▶ _WHAT TO DO_
Once the pictures are set aside, reproduce the remaining data exactly.

▶ _COLLECTED MATERIAL_
* * *
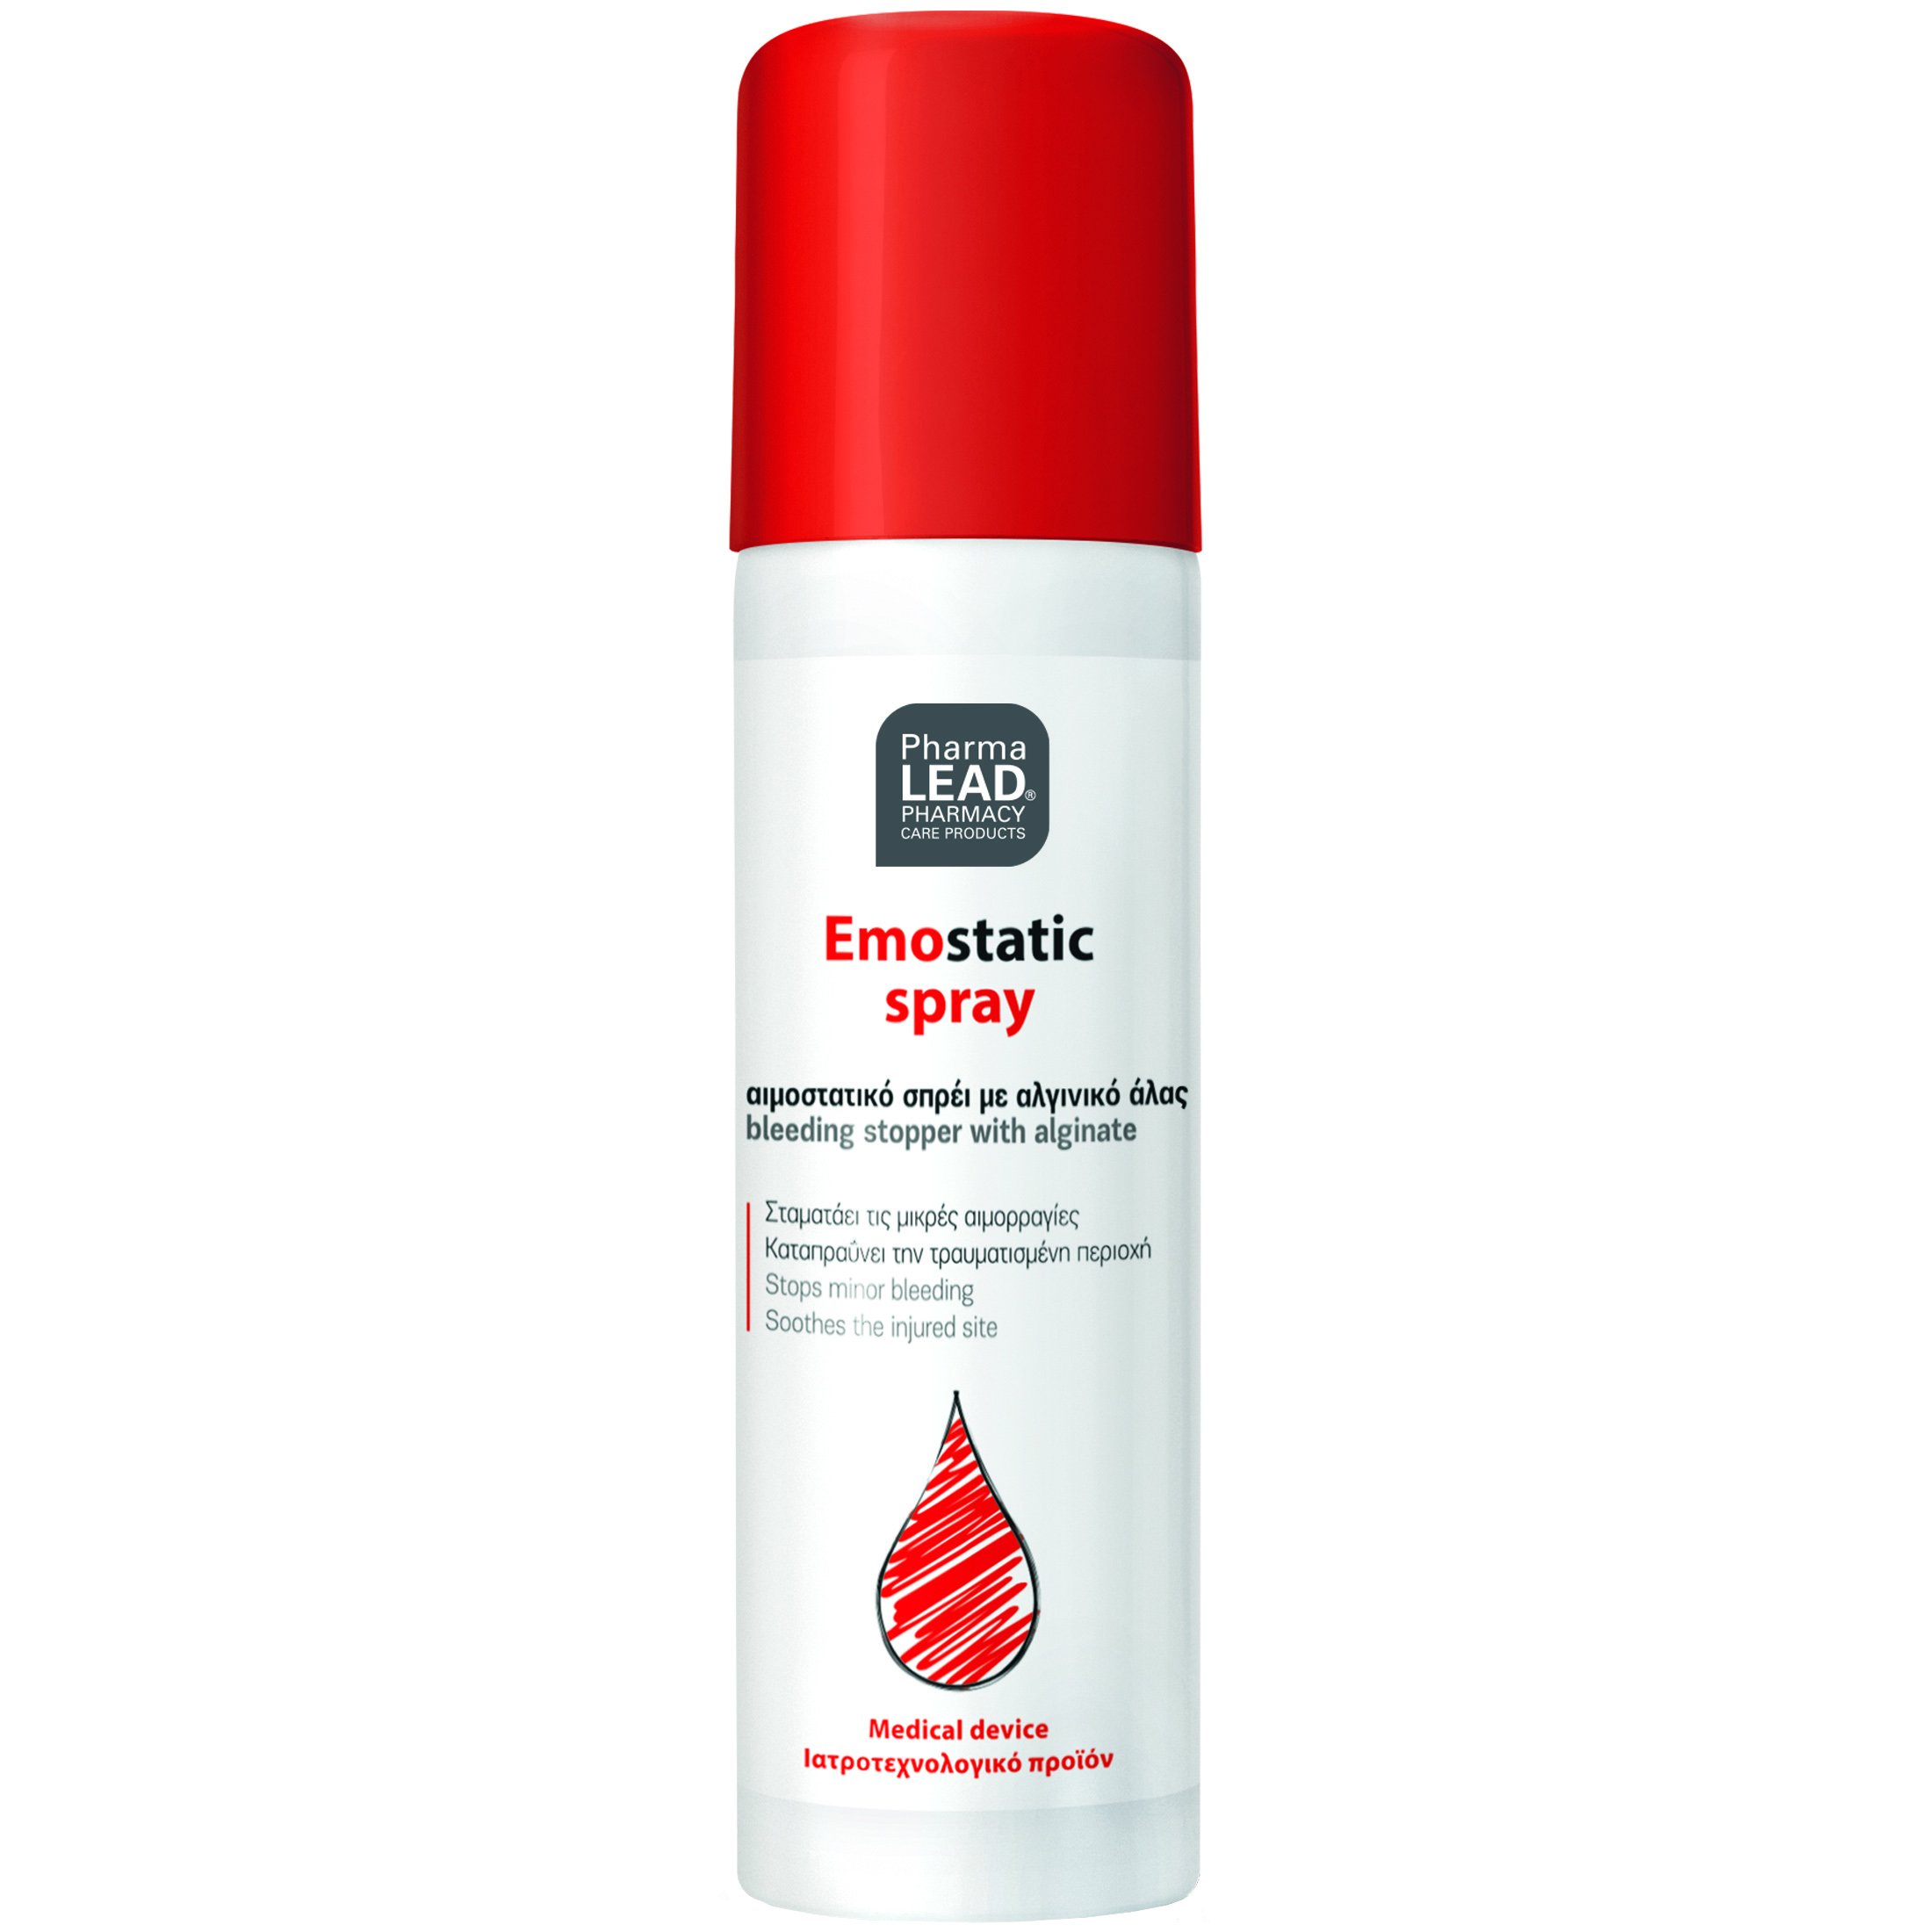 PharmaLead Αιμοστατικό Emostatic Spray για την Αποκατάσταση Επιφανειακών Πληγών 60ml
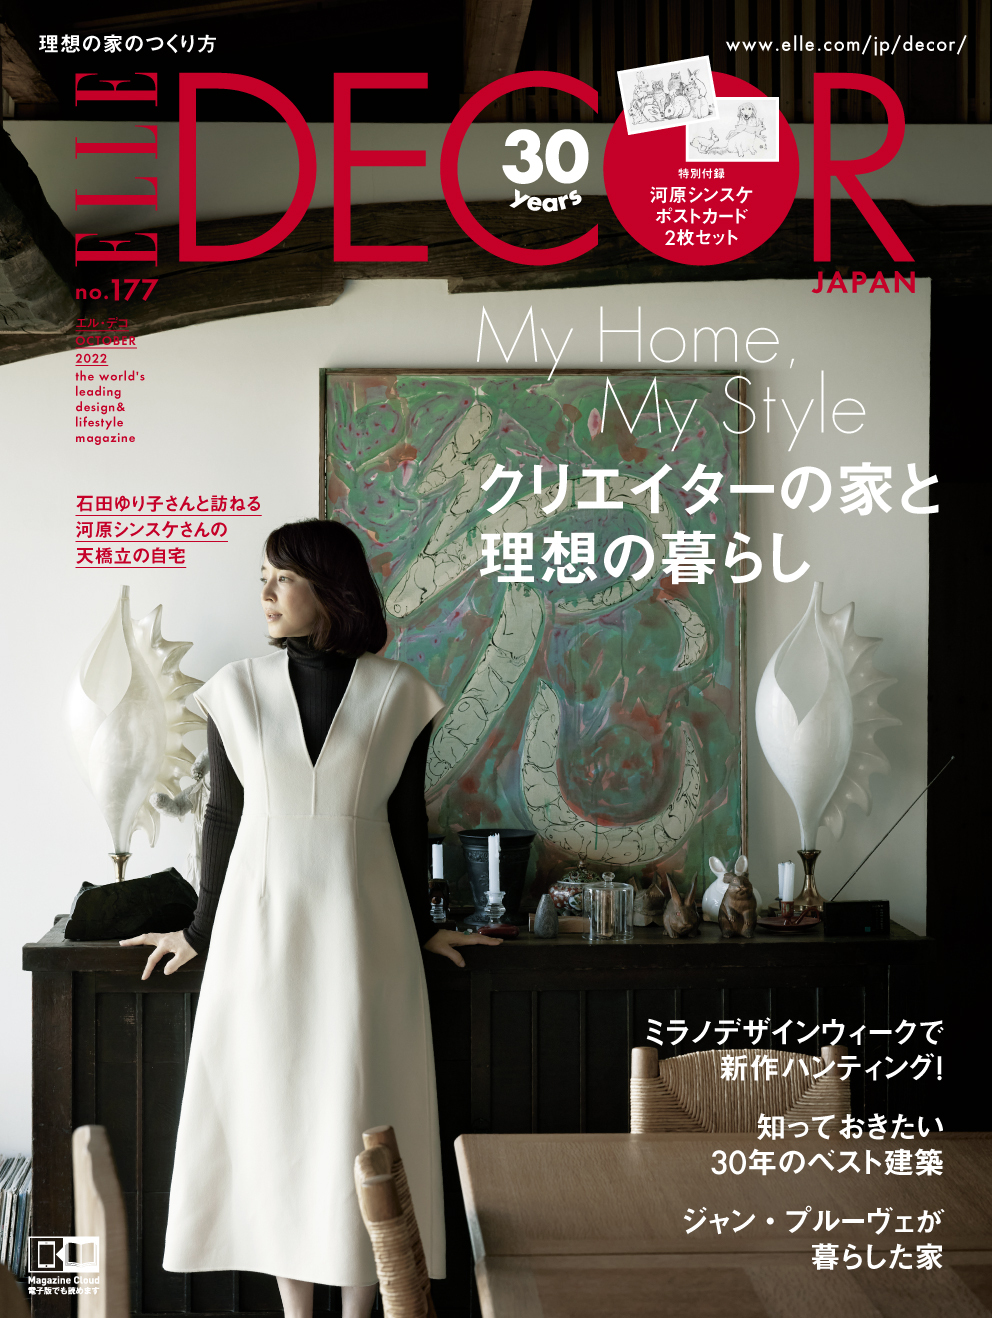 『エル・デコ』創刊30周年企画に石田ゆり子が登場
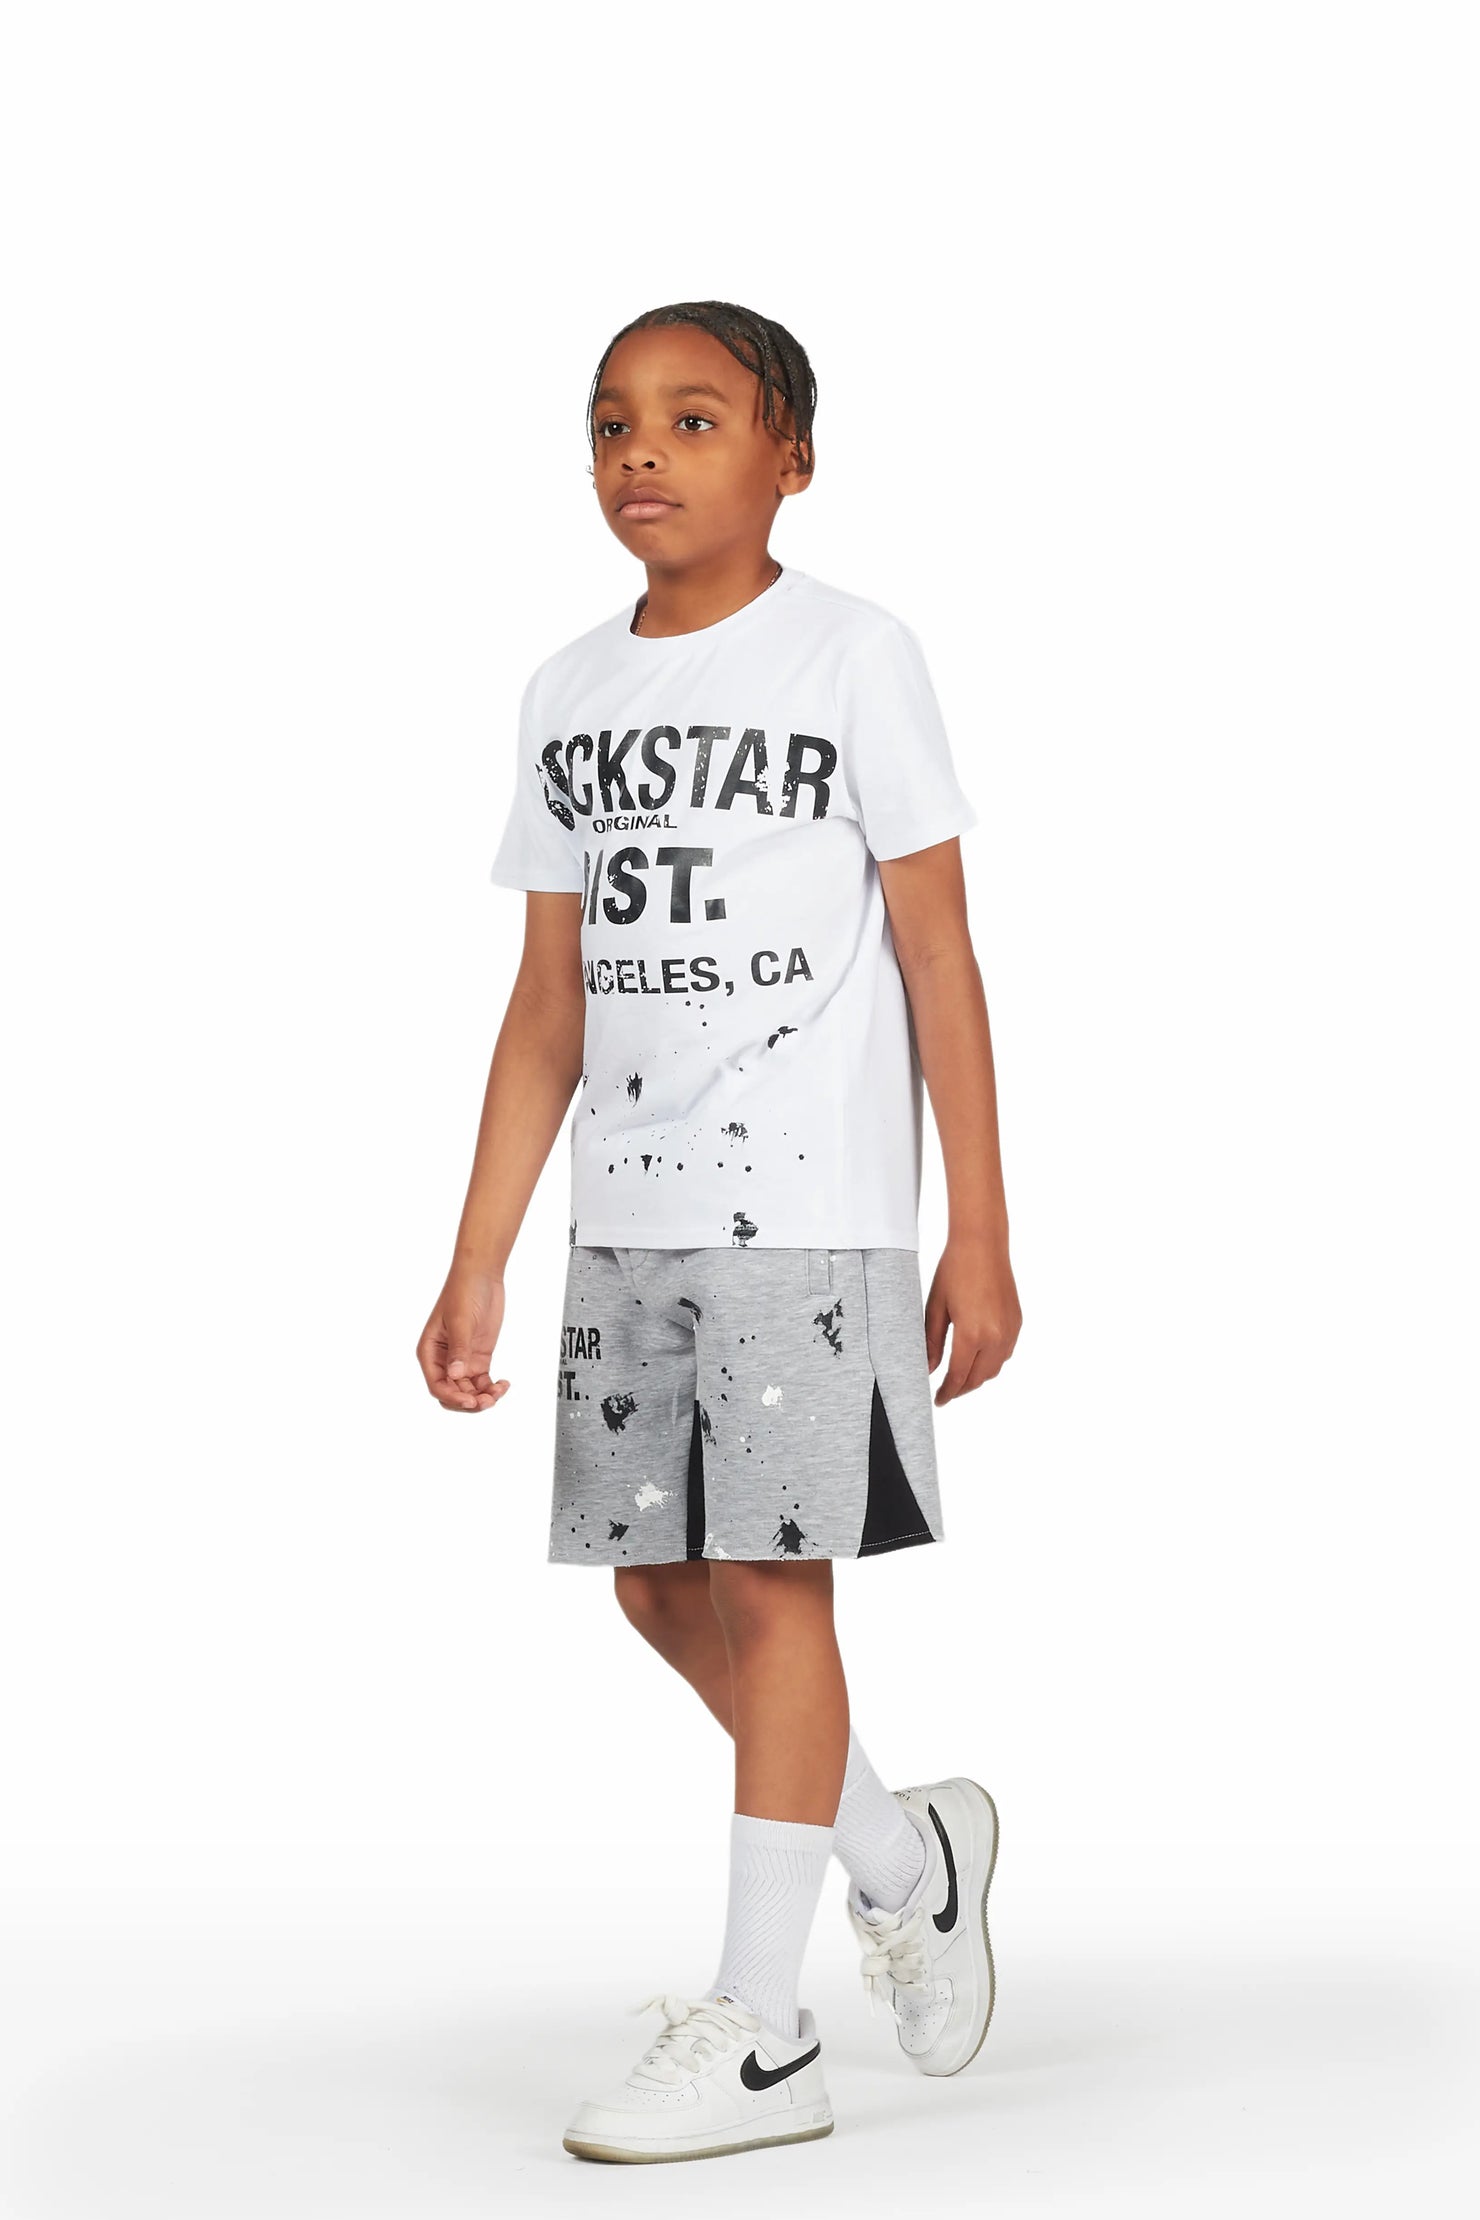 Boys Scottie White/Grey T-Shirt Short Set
* * *
▶ _RESPONSE TO THIS TASK_
 PharmaLead Αιμοστατικό Emostatic Spray για την Αποκατάσταση Επιφανειακών Πληγών 60ml
 『エル・デコ』創刊30周年企画に石田ゆり子が登場
 Boys Scottie White/Grey T-Shirt Short Set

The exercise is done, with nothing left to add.